+++ Input

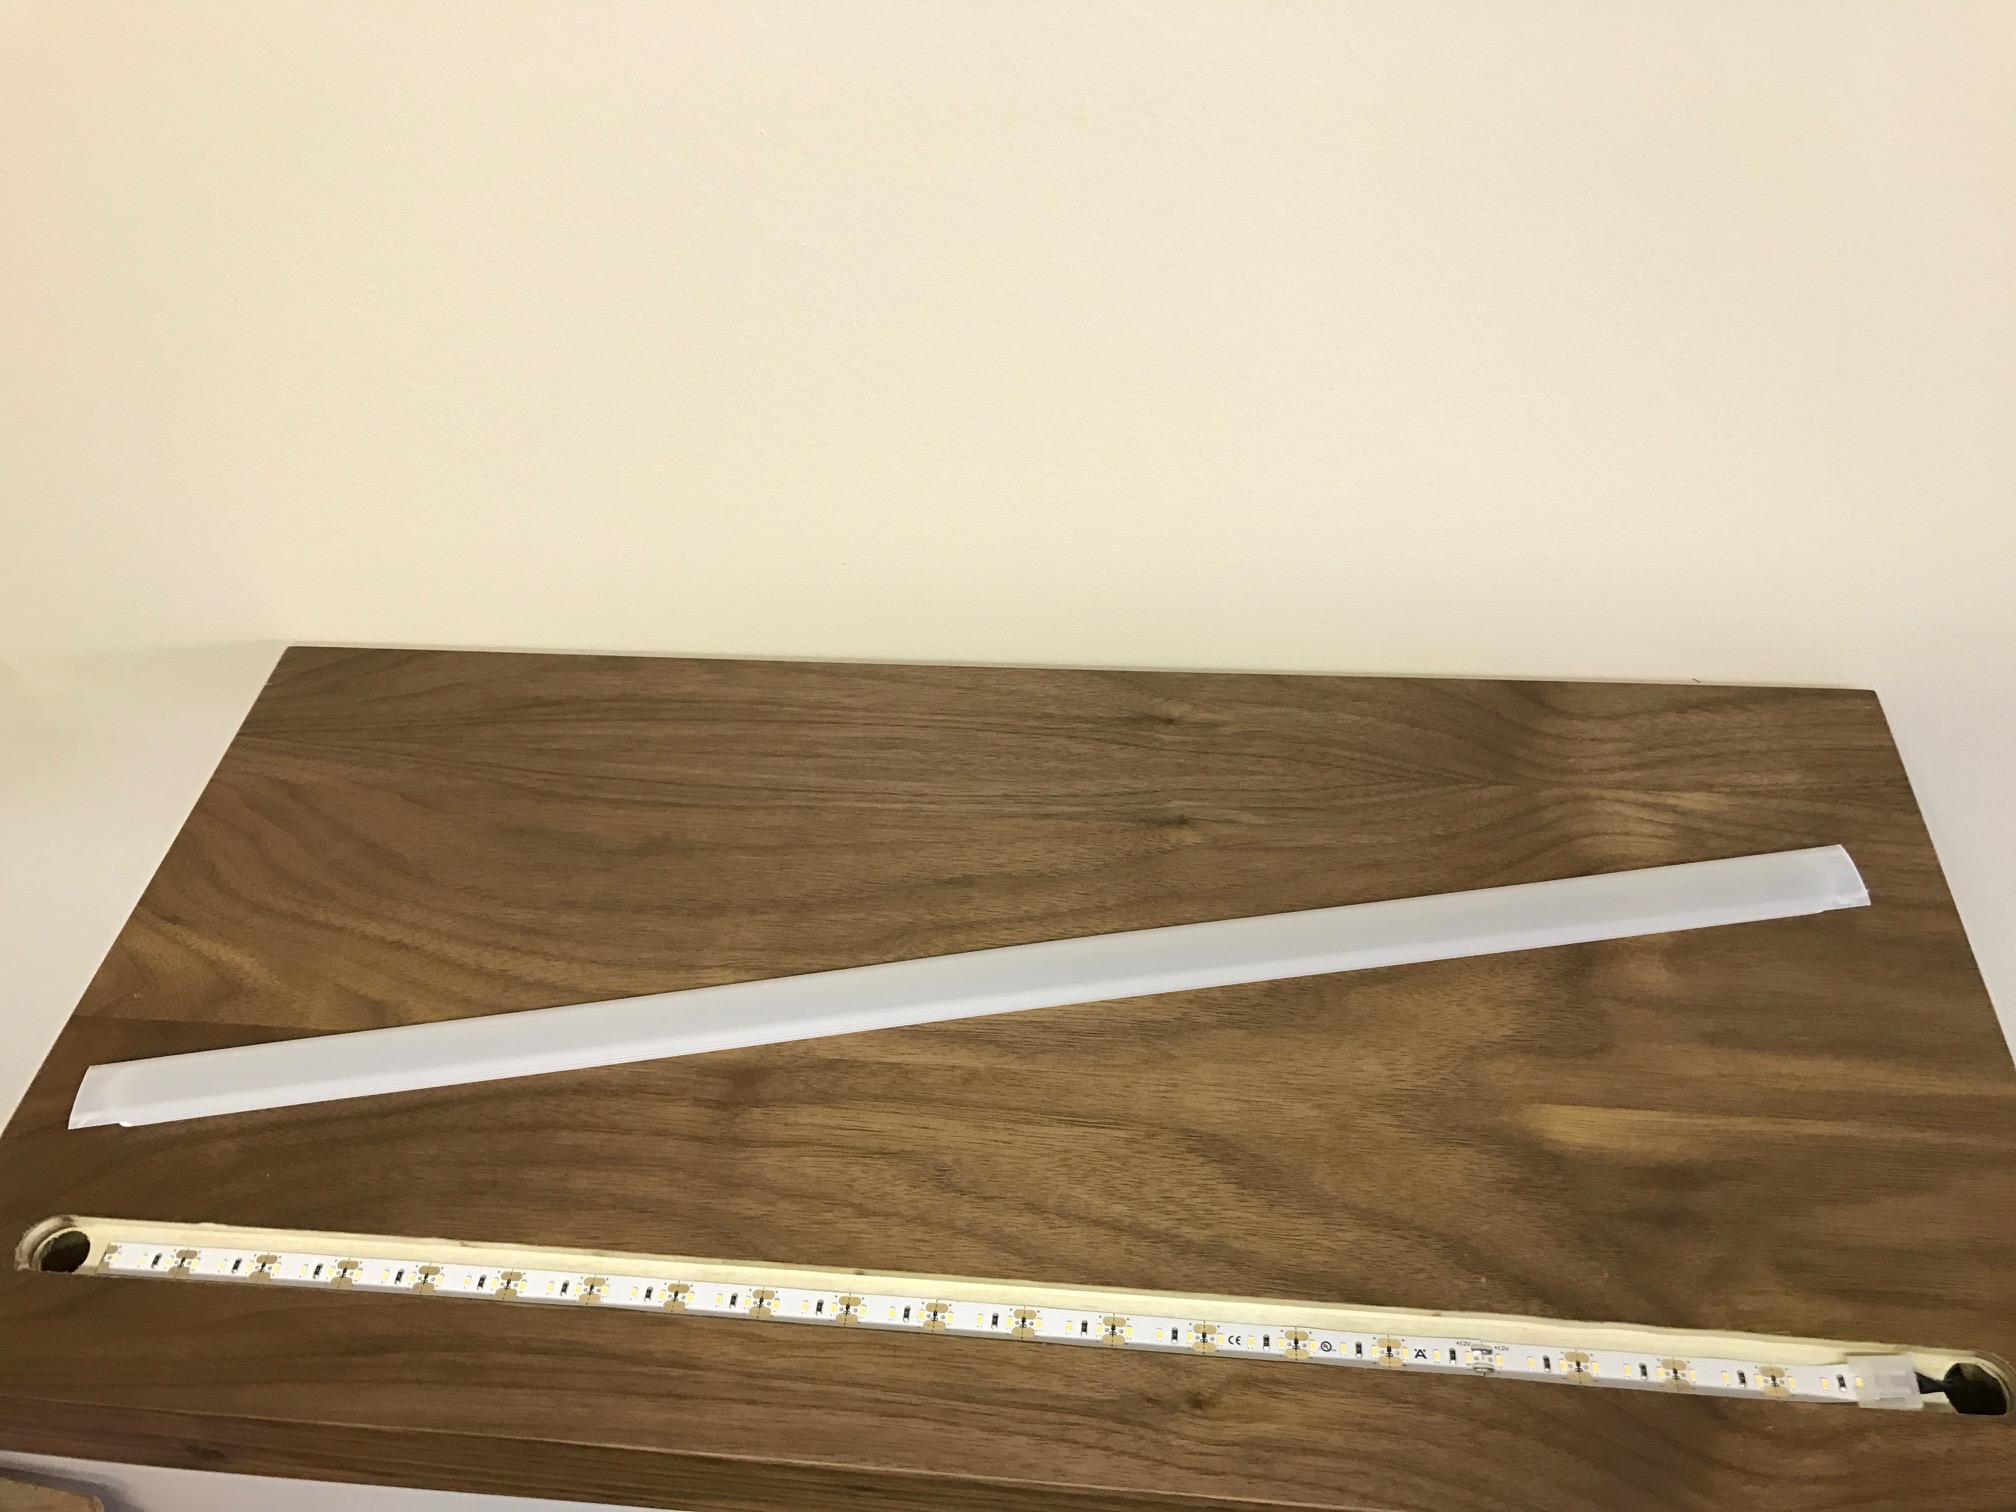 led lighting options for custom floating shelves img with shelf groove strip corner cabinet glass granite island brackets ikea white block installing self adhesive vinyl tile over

++++++
+++ Input

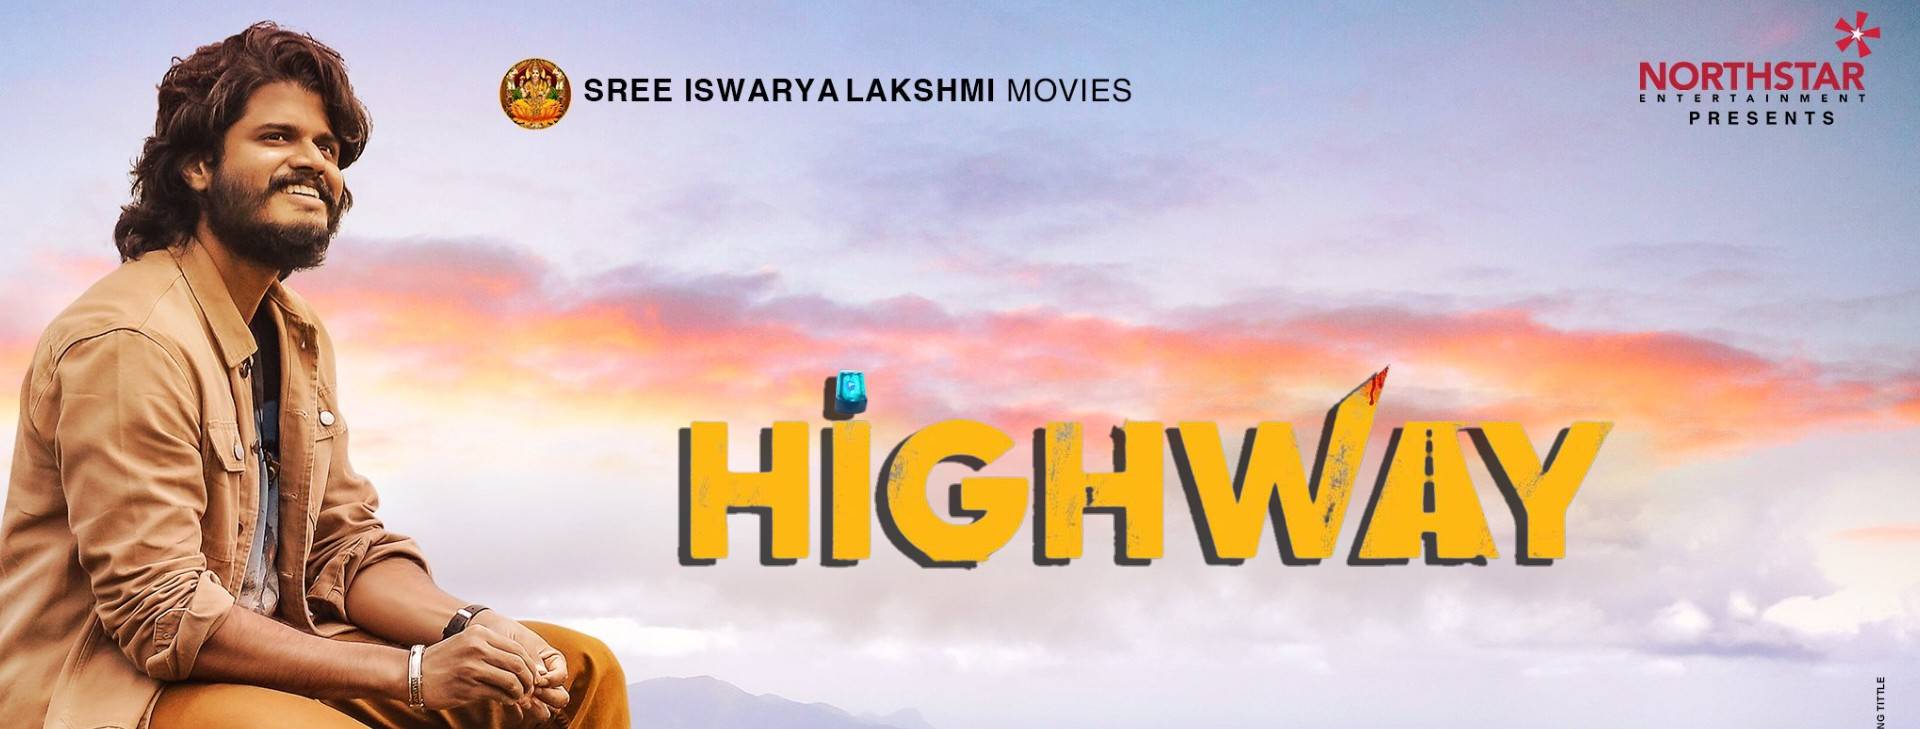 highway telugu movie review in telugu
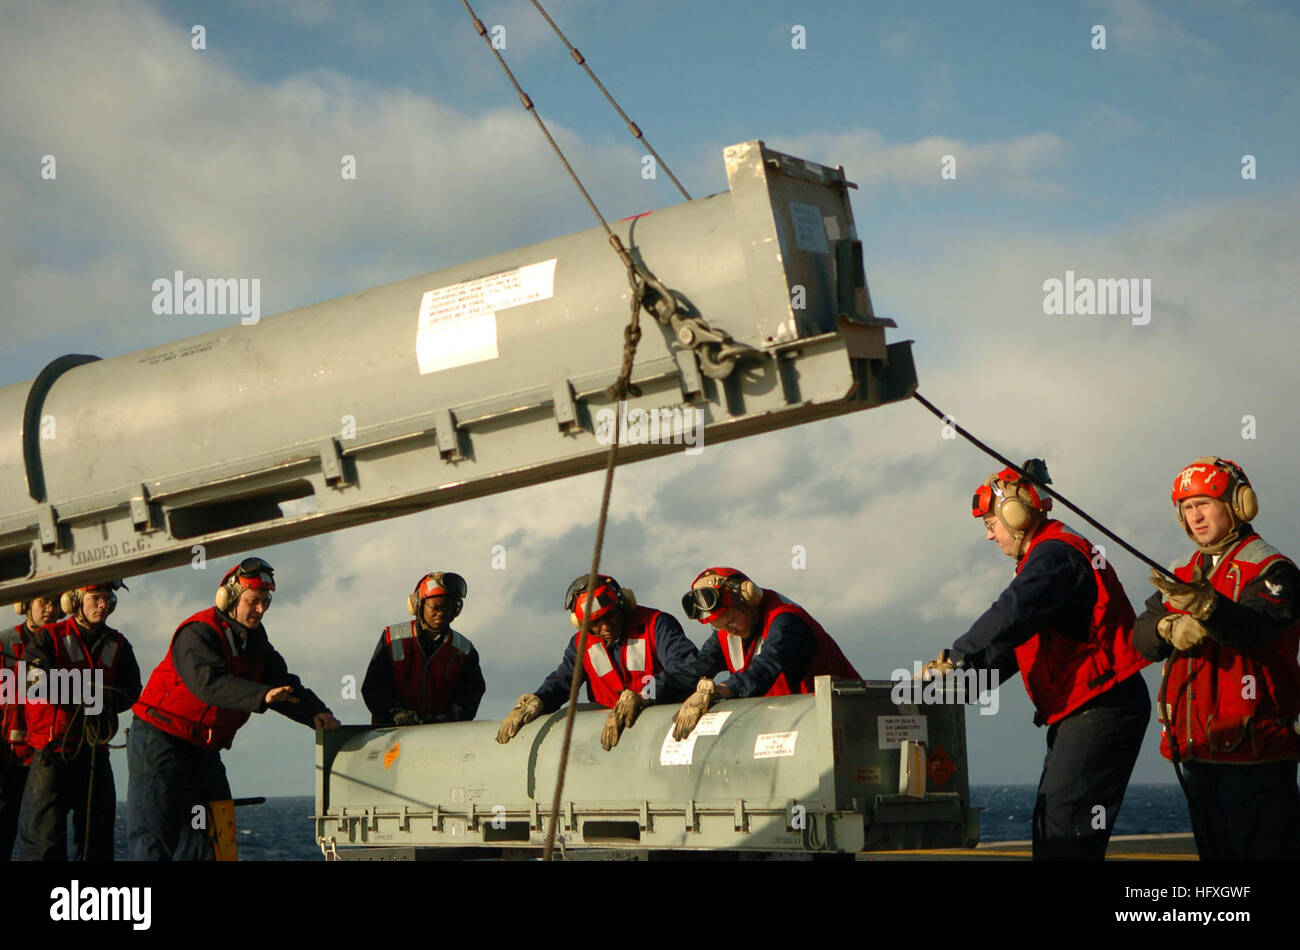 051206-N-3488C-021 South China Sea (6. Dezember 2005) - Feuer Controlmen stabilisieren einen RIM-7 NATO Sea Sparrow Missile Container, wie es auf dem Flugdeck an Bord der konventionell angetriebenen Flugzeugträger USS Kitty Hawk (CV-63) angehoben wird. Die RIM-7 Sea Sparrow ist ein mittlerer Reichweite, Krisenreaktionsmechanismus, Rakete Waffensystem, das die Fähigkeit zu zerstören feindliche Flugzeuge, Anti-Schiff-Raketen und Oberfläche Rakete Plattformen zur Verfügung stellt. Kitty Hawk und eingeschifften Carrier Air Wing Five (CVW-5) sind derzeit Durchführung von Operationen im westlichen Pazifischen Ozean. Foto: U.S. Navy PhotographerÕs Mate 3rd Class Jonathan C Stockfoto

++++++

• **Action item**
Leaving out all pictures, set down exactly the lines of the material above, from the line with "highway telugu movie review in telugu" to the line with "051206-N-3488C-021 South China" inclusive, and no others.

• **Answer section**
 highway telugu movie review in telugu
 051206-N-3488C-021 South China Sea (6. Dezember 2005) - Feuer Controlmen stabilisieren einen RIM-7 NATO Sea Sparrow Missile Container, wie es auf dem Flugdeck an Bord der konventionell angetriebenen Flugzeugträger USS Kitty Hawk (CV-63) angehoben wird. Die RIM-7 Sea Sparrow ist ein mittlerer Reichweite, Krisenreaktionsmechanismus, Rakete Waffensystem, das die Fähigkeit zu zerstören feindliche Flugzeuge, Anti-Schiff-Raketen und Oberfläche Rakete Plattformen zur Verfügung stellt. Kitty Hawk und eingeschifften Carrier Air Wing Five (CVW-5) sind derzeit Durchführung von Operationen im westlichen Pazifischen Ozean. Foto: U.S. Navy PhotographerÕs Mate 3rd Class Jonathan C Stockfoto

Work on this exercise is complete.